-- ABOUT THIS EXERCISE --
Return the data word for word. Pictures are to be omitted.

-- DATASET SECTION --
::::::::::
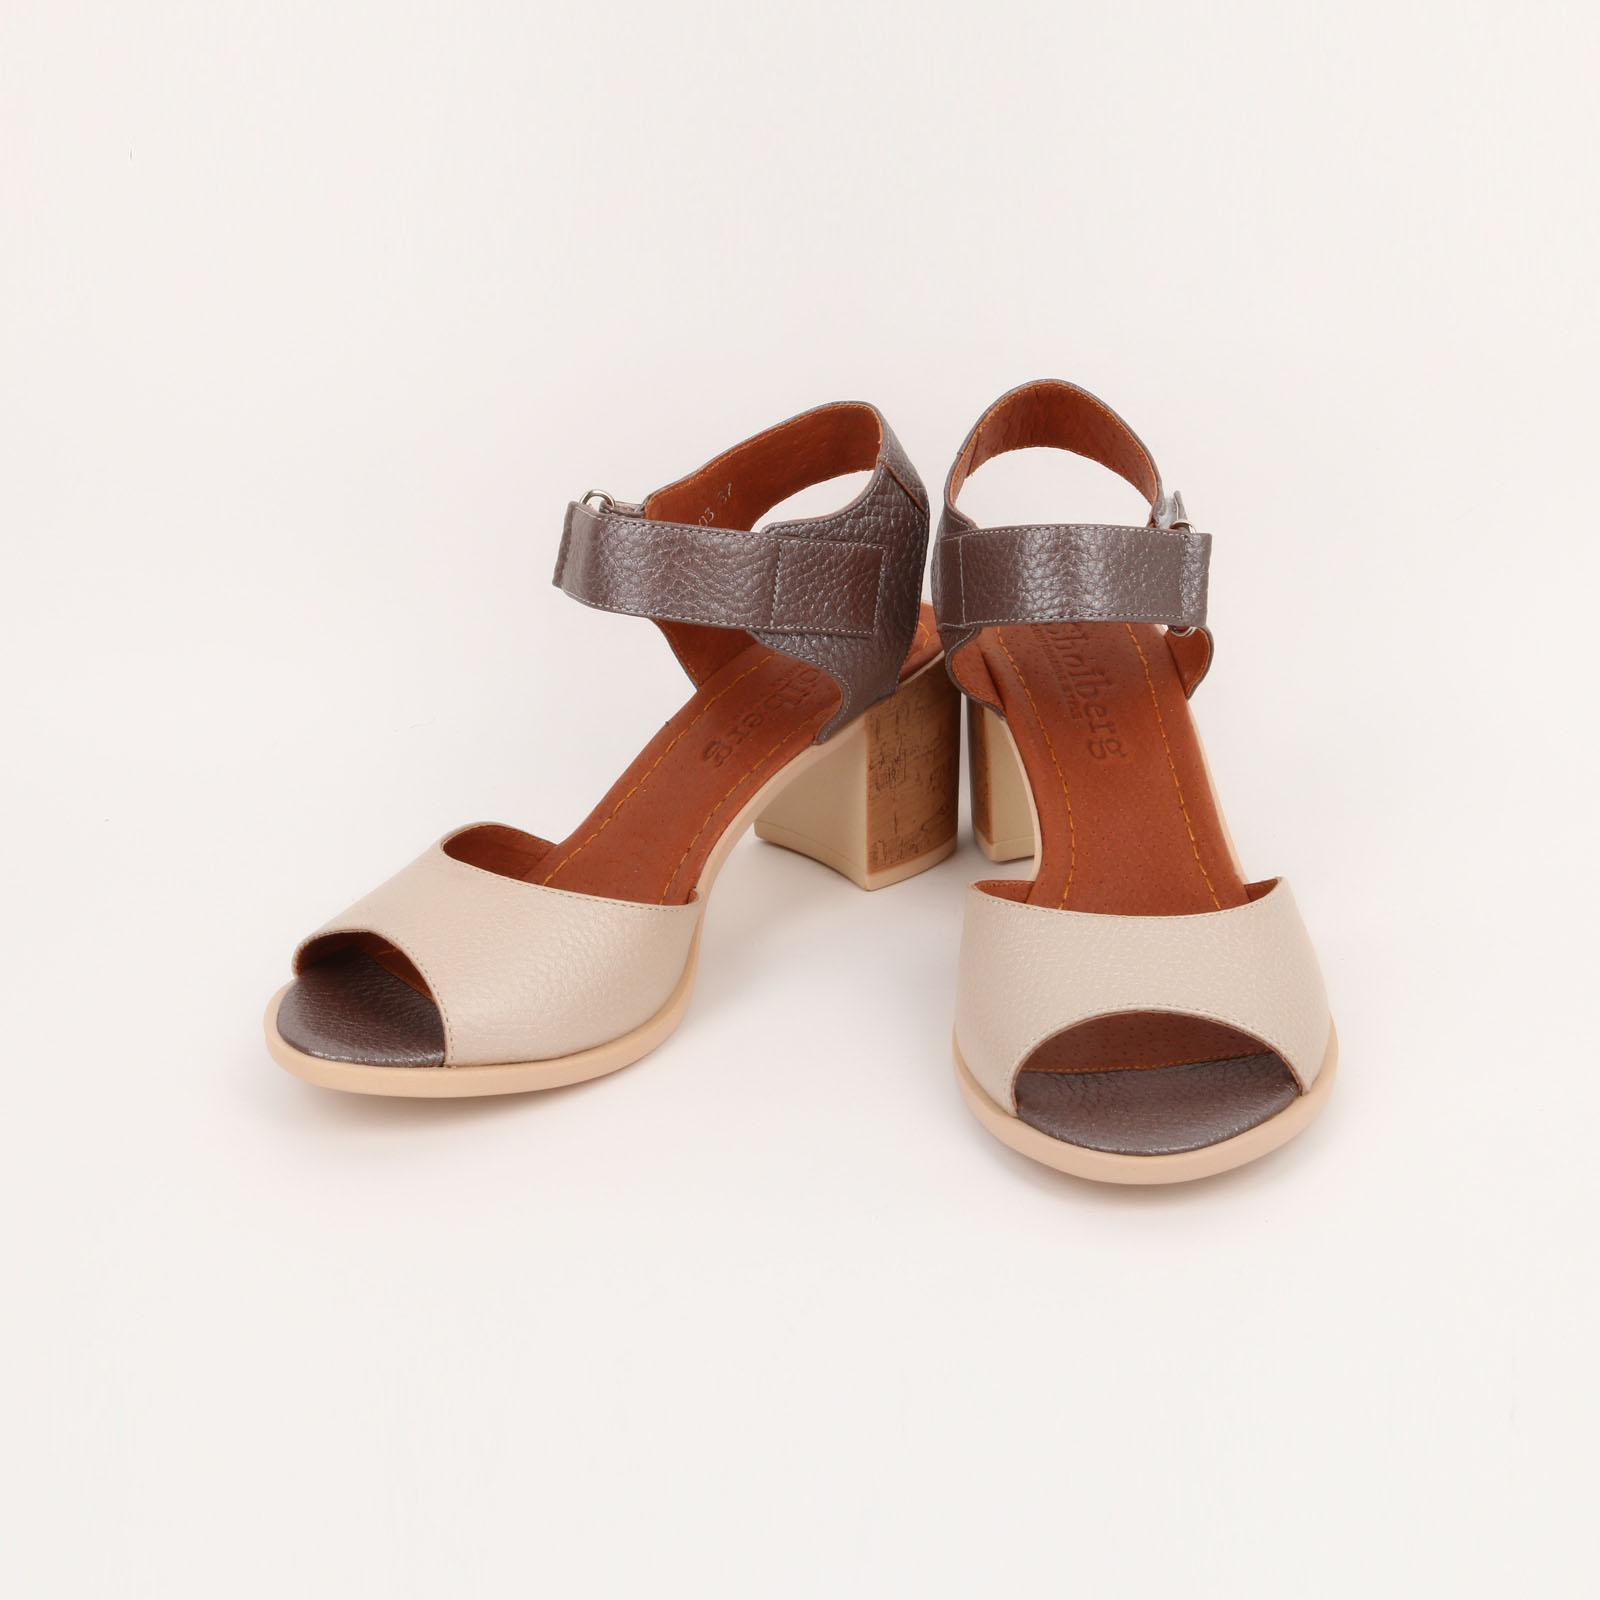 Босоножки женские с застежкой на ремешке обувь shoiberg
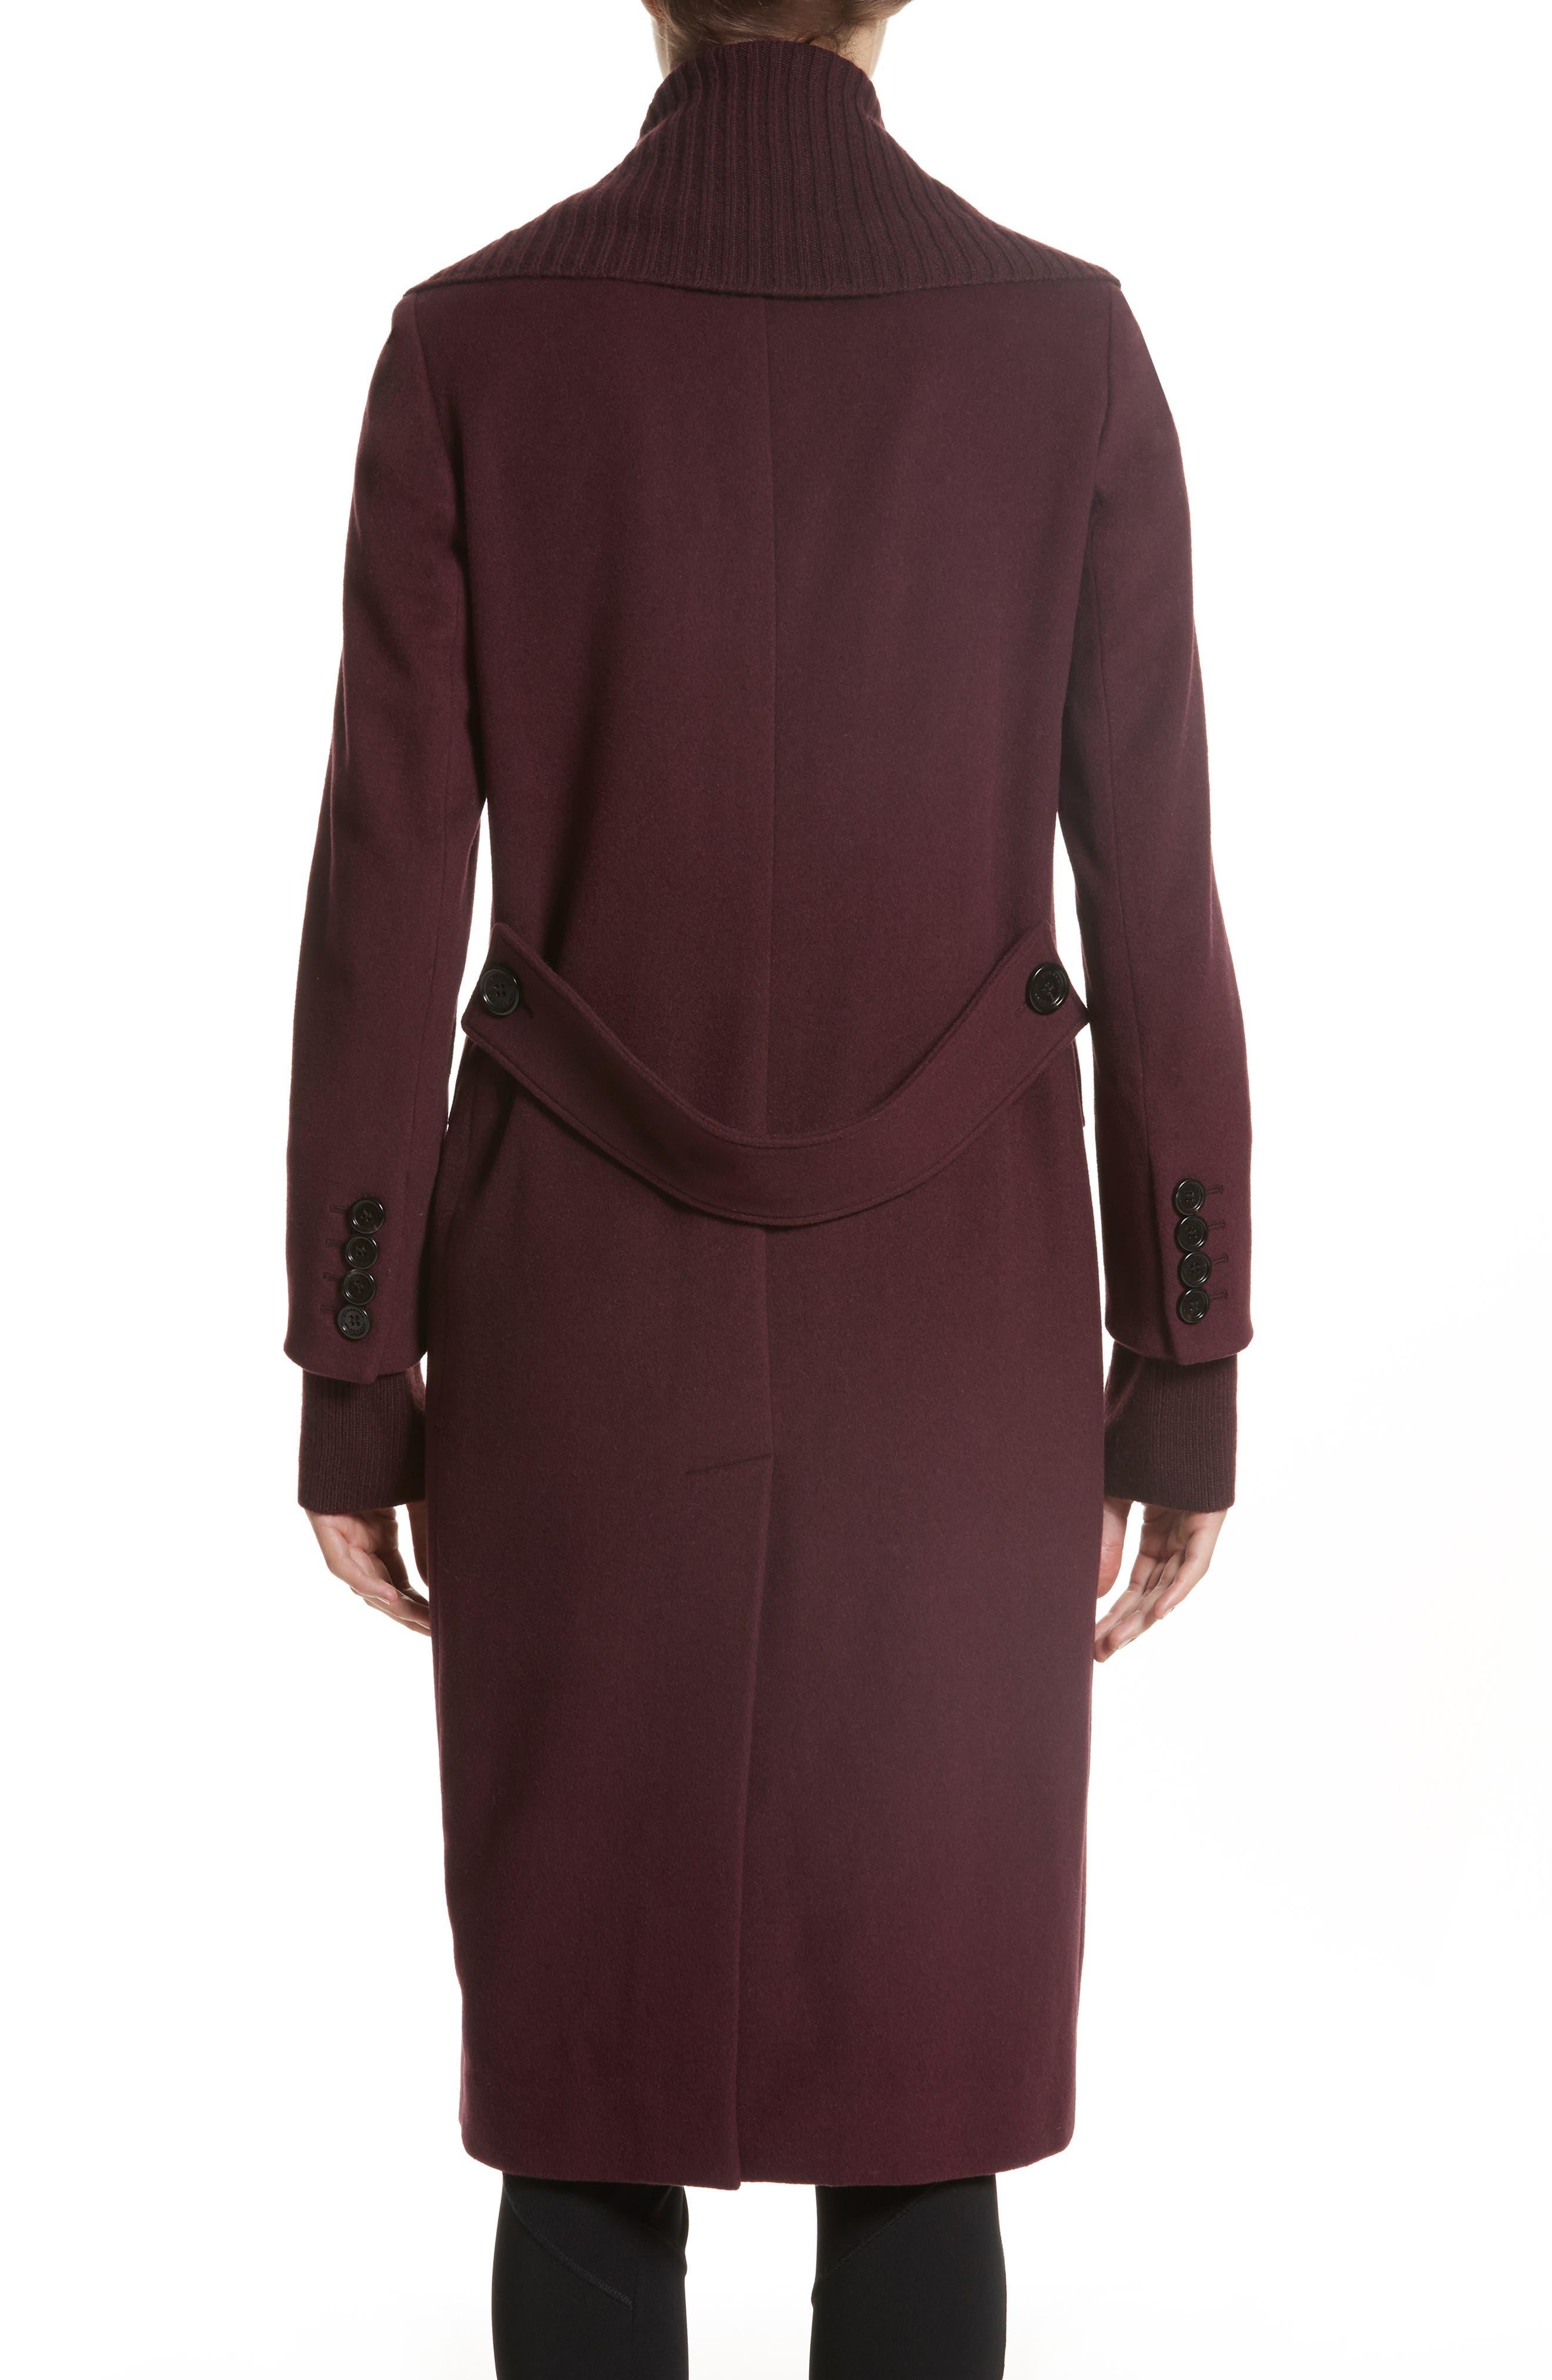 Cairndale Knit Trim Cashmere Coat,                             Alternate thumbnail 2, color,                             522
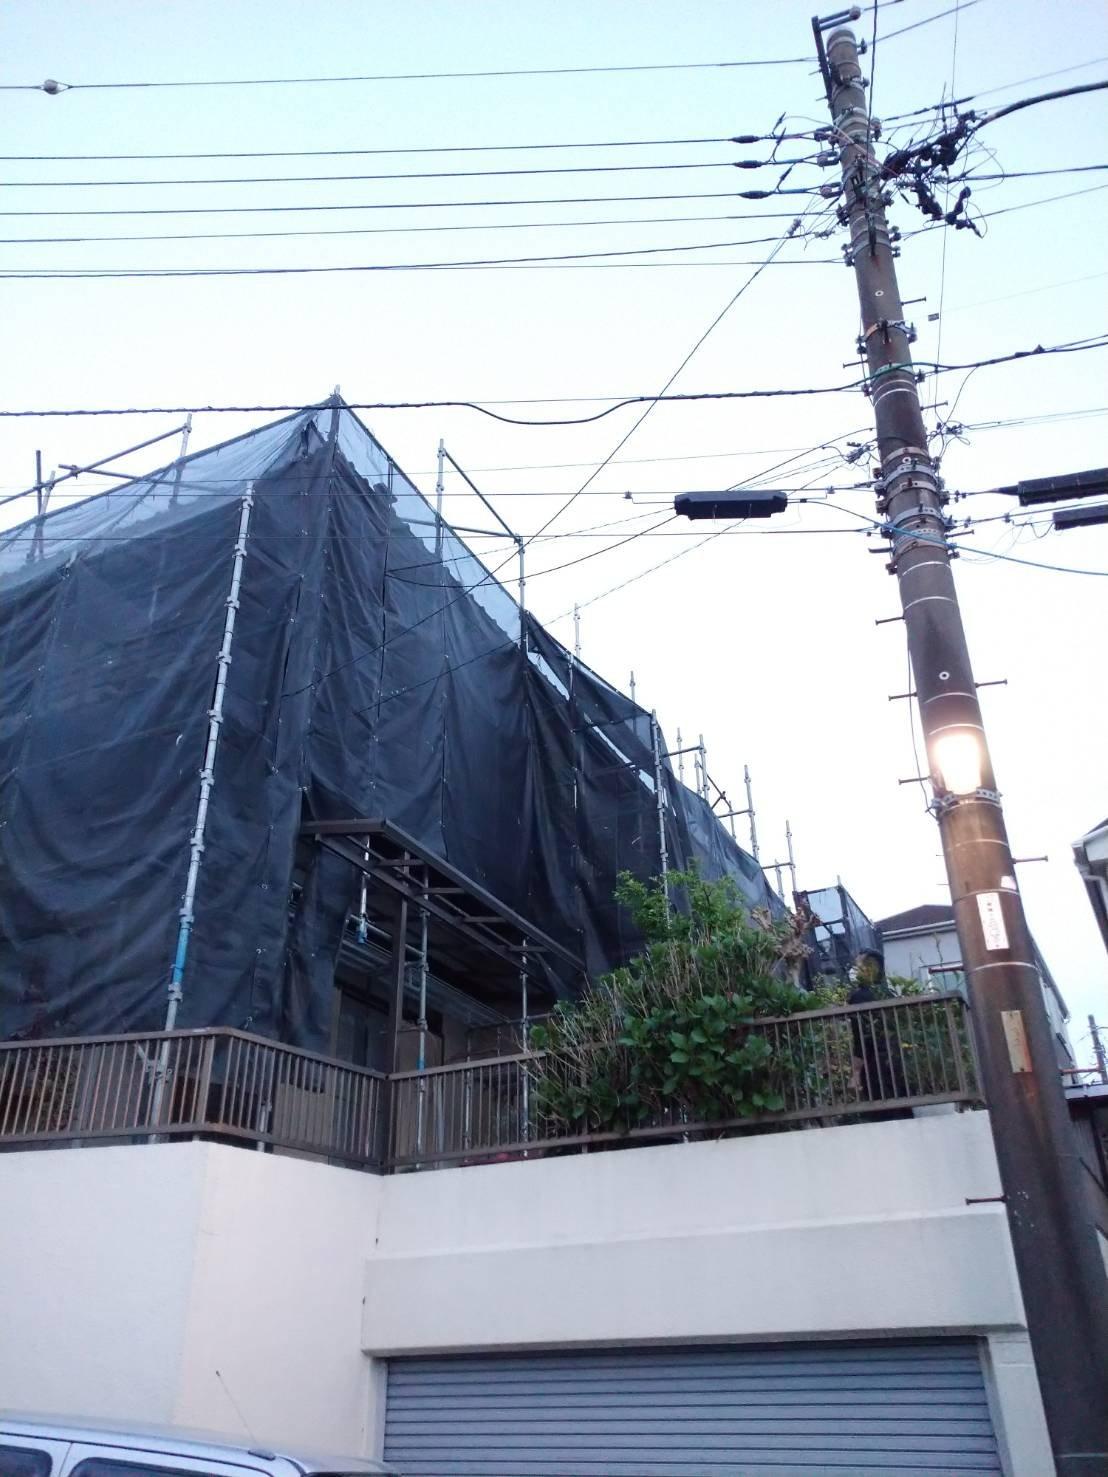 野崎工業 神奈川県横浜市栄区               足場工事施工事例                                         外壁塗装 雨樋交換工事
::::::::::
-- PROBLEM SOLUTION --
 Босоножки женские с застежкой на ремешке обувь shoiberg
 Cairndale Knit Trim Cashmere Coat,                             Alternate thumbnail 2, color,                             522
 野崎工業 神奈川県横浜市栄区               足場工事施工事例                                         外壁塗装 雨樋交換工事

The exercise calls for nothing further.